One can decompose $\Sigma^{-1}$ into $Q^T \Lambda Q = Q^T \Lambda^{1/2} \Lambda^{1/2} Q = (\Lambda^{1/2} Q)^T (\Lambda^{1/2} Q)$ (where $\Lambda$ is diagonal matrix of inverted eigenvalues of $\Sigma$, and $Q$ is orthogonal), so when applied to vectors,

$$ x^T \Sigma^{-1} x = x^T (\Lambda^{1/2} Q)^T (\Lambda^{1/2} Q) x = (\Lambda^{1/2} Q x)^T (\Lambda^{1/2} Q x) = \|\Lambda^{1/2} Q x\|^2 $$

What this formula says is that this quadratic form is equivalent to the standard Euclidean distance in new, morphed space.
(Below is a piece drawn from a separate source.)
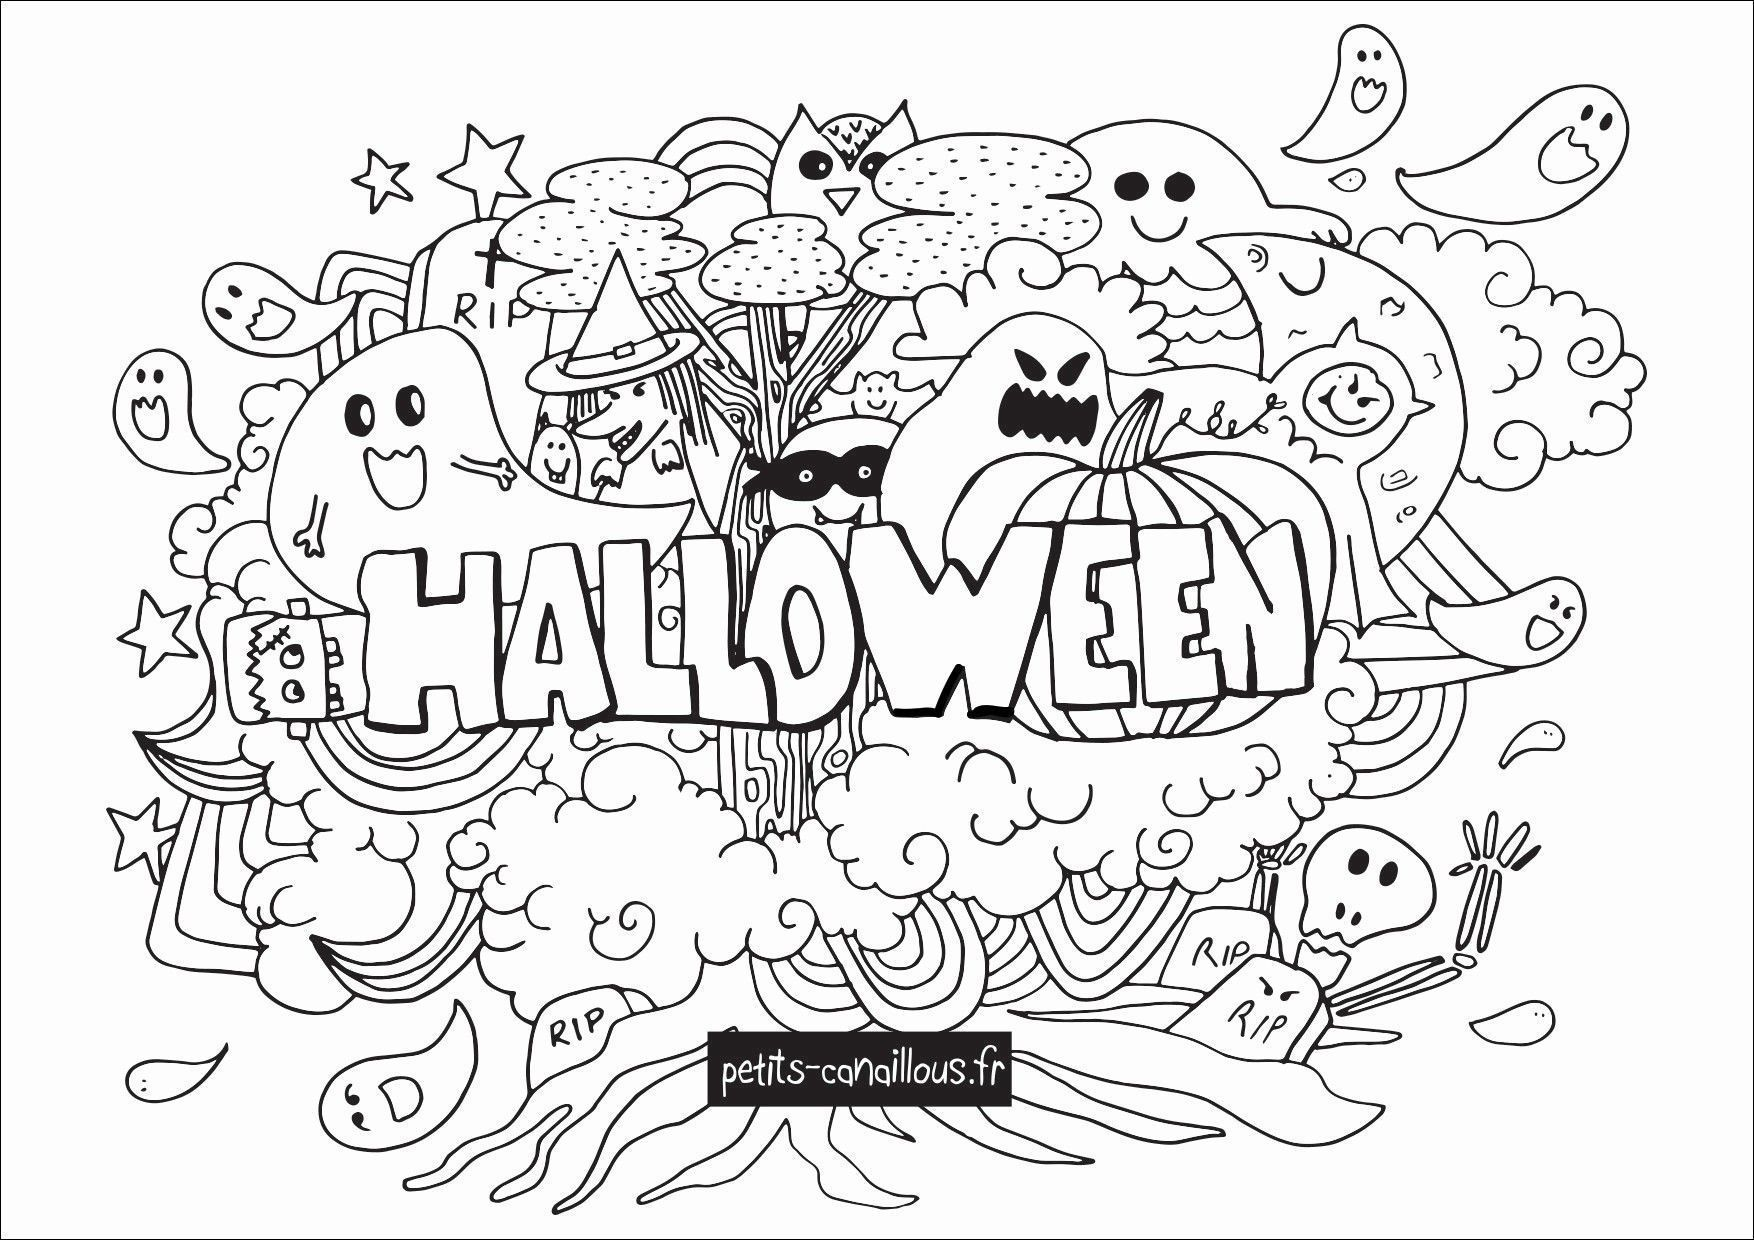 Pyjamasque Coloriage Coloriage Halloween A Imprimer Coloriage

Namely, we apply the transformation $\Lambda^{1/2} Q$ to transform vector $x$, and then take the norm.

What does this transformation do to our $x$? Well, it consists of 2 "sub-transformation": the first one is a multiplication by $Q$, which just rotates the vector (this is what orthogonal matrices do), preserving its norm; and the second one is a multiplication by $\Lambda^{1/2}$ which stretches vectors along each axes in proportion to the square roots of diagonal elements of $\Lambda$.

enter image description here

The picture above shows what will happen with your 2D datapoints if you apply this transformation (for some $\Sigma$). You can think of Mahalanobis distance as of distance, which implicitly maps your vectors into a new space, measures its norm there and returns back to you.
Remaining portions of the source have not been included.